Выбрать главу

Год выдался трудным, заполненным множеством событий. День ото дня становилось труднее работать, но, казалось, трудности только подхлестывали Мелью, и он брался за любое дело с еще большим энтузиазмом. Любимый парк Чапультепек был почти забыт — не было времени для прогулок. Пожалуй, не было в те дни мероприятий, проводимых Мексиканской компартией, в которых не принял бы участие и Мелья.

В конце октября митинги и собрания следовали один за другим. То ему приходилось выступать на митинге Международной антифашистской лиги, то на собрании комитета «Руки прочь от Никарагуа», то мчаться в МОПР или АНЕРК или выезжать из столицы в другие штаты.

7 ноября компартия провела мероприятие большого политического звучания: митинг, посвященный Октябрьской революции. Зал, в котором проводился митинг, был битком набит. Пришли рабочие, работницы-текстильщицы, интеллигенты, студенты и даже крестьяне из окрестностей столицы.

В тот вечер митинг затянулся далеко за полночь. Выступало много ораторов, среди них были руководитель компартии Эрнан Лаборде, президент Национальной крестьянской лиги Урсуло Гальван, художник Диего Ривера. С большой речью выступил и Хулио Антонио, он говорил о значении Октябрьской революции для современного рабочего движения После всех выступлений был показан советский фильм «Крест и маузер».

Ассоциация новых революционных эмигрантов Кубы действовала довольно активно, все ее члены были «заражены» идеей о высадке, и, разумеется, постепенно об этом узнал довольно широкий круг людей. Деятельность ассоциации не на шутку встревожила кубинские власти, поэтому посольство Кубы исправно посылало в Гавану сведения, которые добывало в Мексике об АНЕРКе, к тому же в ряды эмиграции (это узнали позже) просочились провокаторы и просто полицейские шпики, засланные по указанию Мачадо.

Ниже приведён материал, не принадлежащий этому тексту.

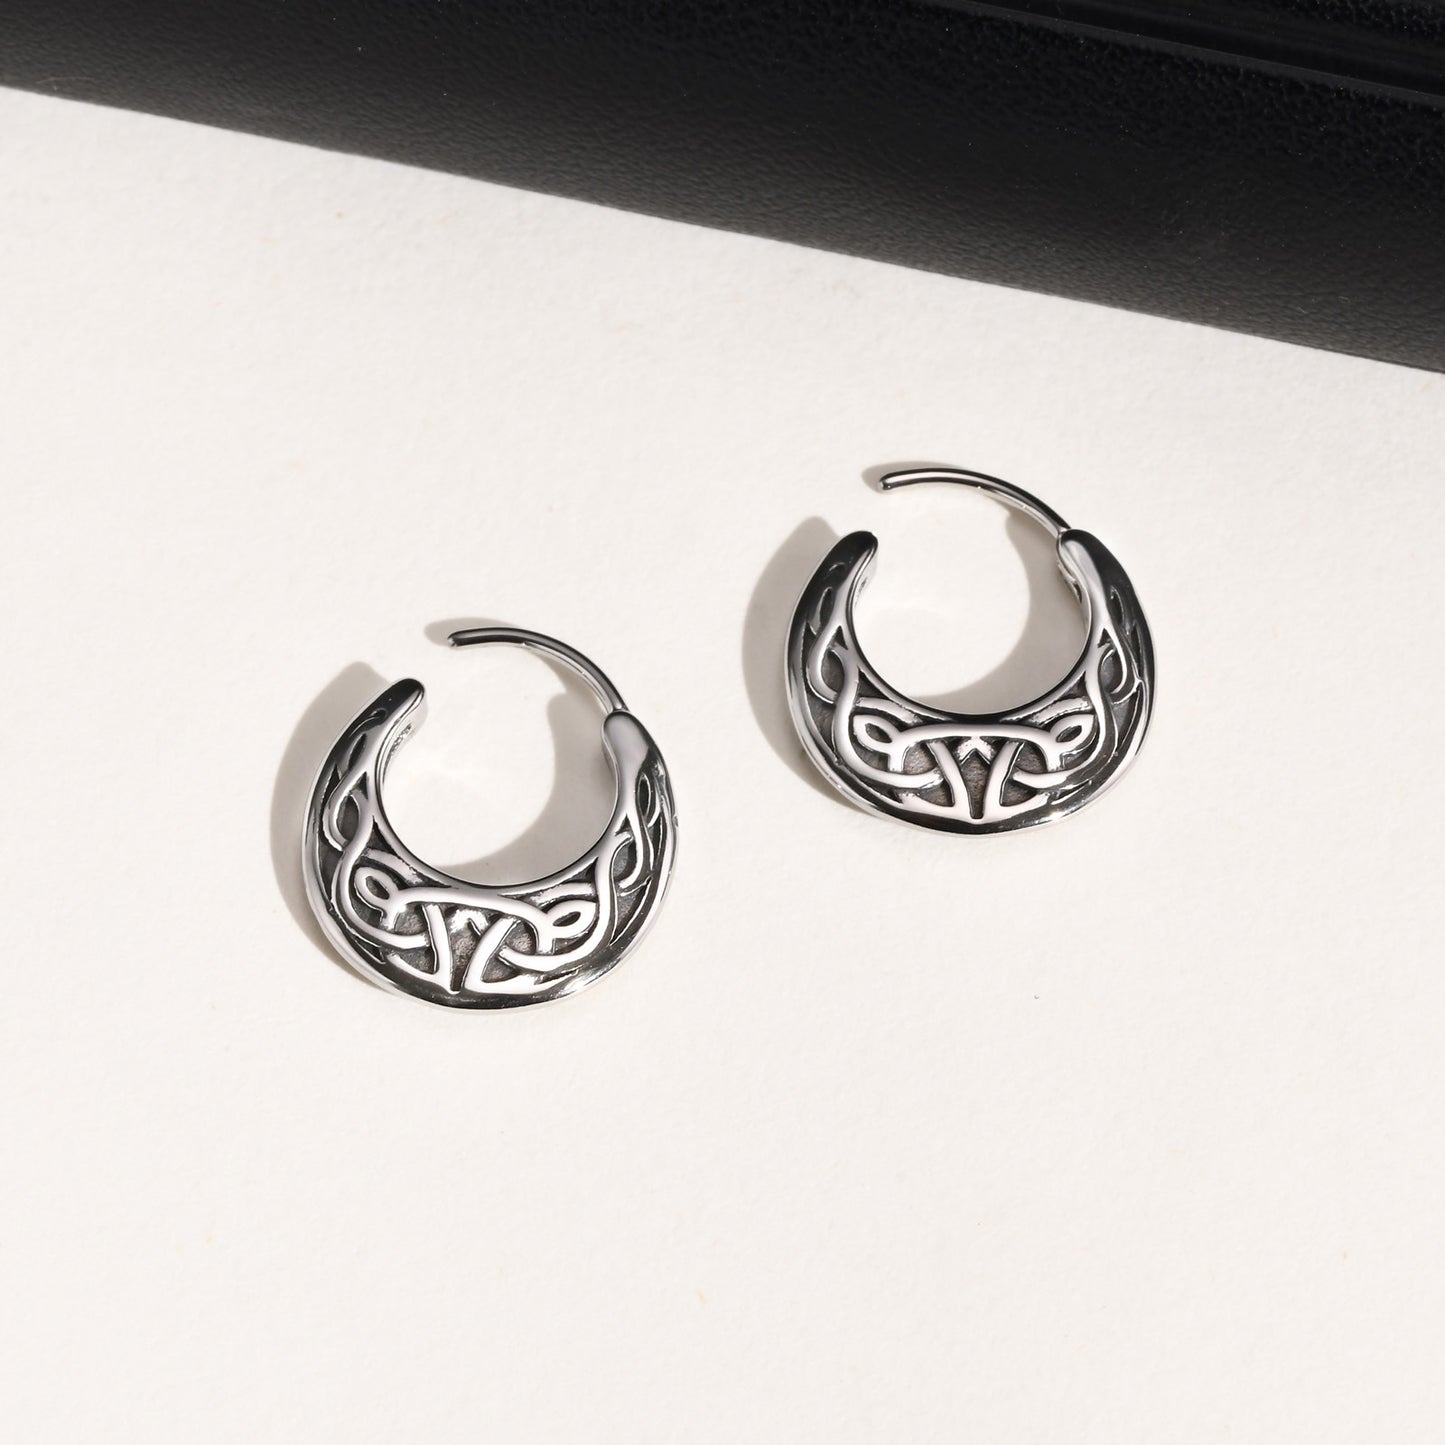 Vnox Nordic Viking Knot Hoop Earrings for Men Women, Stainless Steel Huggies, Ethnic Punk Rock Male Ear Jewelry

Анерковцы, не имея собственного помещения, обычно собирались в мексиканском отделении МОПРа. Там всегда было людно и оживленно и царил дух подлинного интернационализма. В послереволюционной Мексике жило довольно много политических эмигрантов не только из стран Латинской Америки, но и из Европы. В частности, было много итальянцев. Почти все знали друг друга. Там Хулио Антонио познакомился с Тиной Модотти. Это произошло в середине года, хотя они и до этого видели друг друга в помещении МОПРа.

Тина

Был жаркий летний полдень. Город замер в дремотном послеобеденном зное. Все располагало к отдыху: закрытые магазины и оффисы, ленивые полицейские и еле ползущие трамваи. В такое время дня ничего не хотелось делать.

Хулио шел по неширокой улице, довольно оживленной в другие часы, но притихшей сейчас. Это был знакомый путь: не первый раз вышагивал он по этому выщербленному тротуару.

Ну вот и знакомая ступенька. Скорее в прохладный сумрак парадной! Тяжелая дверь словно нехотя повернулась на петлях, и он вошел в полутемную переднюю, из нее прошел в просторную комнату, заставленную стульями, в дальнем углу темнел стол.

Первое время они встречались только здесь, в помещении МОПРа. Она появлялась как-то незаметно, тихо. Вообще никто никогда не видел Тину возбужденной, говорящей громким голосом. Ее большие черные глаза смотрели на мир удивленно, как смотрят глаза только что проснувшегося ребенка. Припухлые губы и широкие брови вразлет, гладко зачесанные, ниспадающие на плечи волосы: в ее лице было что-то от женщины древнего Рима.

Сдержанностью дышала вся ее стройная фигура. Она казалась даже медлительной и малоподвижной, но все ее друзья и товарищи знали, что трудно найти человека такого же работоспособного, как эта итальянка.

Их встречи участились. Гуляя по Мехико, они заглядывали в какое-нибудь кафе и проводили остаток вечера в нем. Однажды она пригласила его к себе домой и показала свою фотостудию. Она была фотографом. Хулио был в восторге от ее работ, они были очень пластичны и выполнены на высоком профессиональном уровне. В искусстве Тина оставалась такой же, как в жизни: серьезной и сосредоточенной. Фотография была для нее не только средством к существованию, но и творческим делом.

Первое время Хулио не мог понять «неитальянской» сдержанности и молчаливости Тины. Часами могла она слушать своих собеседников, изредка вставляя одну-две фразы. Иногда казалось, что для нее не существует ничего в жизни, кроме ее партийной работы. Иногда ему хотелось сказать ей: «Ну посмейся же, Тина, ну, самую малость». Однажды один из мексиканских товарищей рассказал ему историю ее жизни. И он понял Тину.